The article goes on: ‘While the Brits are already planning their summer holidays, Germany is stuck in lockdown.
‘That’s because chancellor Angela Merkel, who as recently as Monday was holding out the prospect of loosening lockdown, sounded the alarm again yesterday.’
Chancellor Merkel told party colleagues on Tuesday that ‘we are now in the third wave’, warning that any easing of lockdown after March 7 could only take place gradually.
The chancellor, a trained scientist, has long been cautious about a hasty exit from lockdown – and Germany’s jab programme is not moving fast enough to protect a large share of the population at this stage.
A second Bild article describes Johnson’s plans as a ‘Corona-Brexit’, and asks: ‘When will we catch up to the Brits?’.
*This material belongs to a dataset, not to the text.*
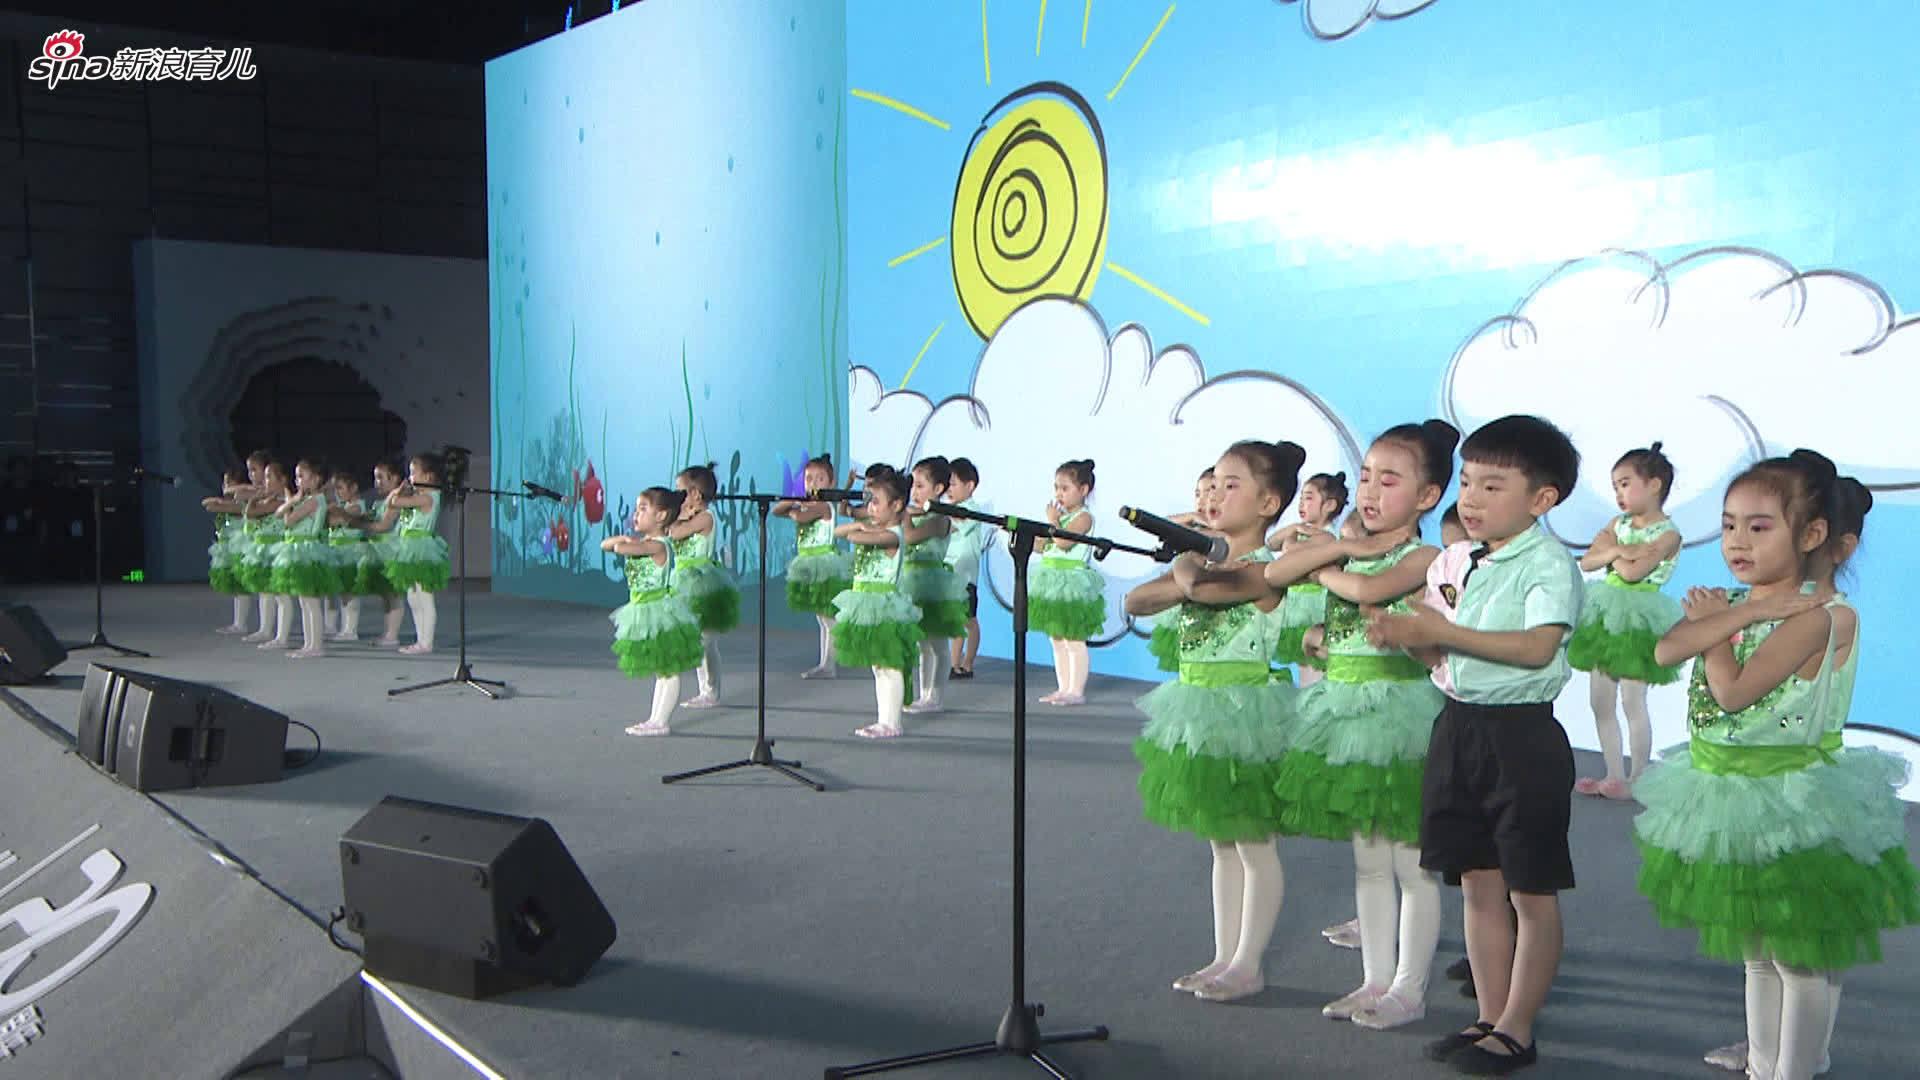 新浪2019早幼教峰会儿童合唱:我有一个梦想

‘The deficit is growing: at the moment the Brits are vaccinating nearly three times as many people per day,’ it says.
‘Herd immunity on the island [meaning Britain] certainly appears in sight. And that’s why the Brits want to open up.’
While Ms Merkel has come under fire for letting Brussels take the lead in the vaccine race, the EU’s supply problems have been made worse by many Germans’ reluctance to take the AstraZeneca vaccine after European leaders voiced doubts about the jab.
Germany was among the countries which refused to let over-65s take the jab because of limited trial data, in contrast to Britain where real-world data this week showed the jab cutting hospitalisations in Scotland by 94 per cent.
Emmanuel Macron added fuel to the fire in France by casting doubt on the jab’s effectiveness and claiming that Britain had taken a risk by approving it so quickly.
Ms Merkel’s office is now pleading with Germans to take the AstraZeneca shot after only 187,000 of the jabs were administered out of the first 1.5million delivered.
‘The vaccine from AstraZeneca is both safe and highly effective,’ Ms Merkel’s spokesman Steffen Seibert said on Monday. ‘The vaccine can save lives.’
EU chief Ursula von on der Leyen has now joined in that effort, saying that she herself would take the vaccine despite her earlier feud with the company.
‘I would take the AstraZeneca vaccine without a second thought, just like Moderna’s and BioNTech/Pfizer’s products,’ von der Leyen told the Augsburger Allgemeine.
The EU’s AstraZeneca problems are set to continue into the spring, with as many as 90million doses expected to be missing from shipments in the second quarter of 2021.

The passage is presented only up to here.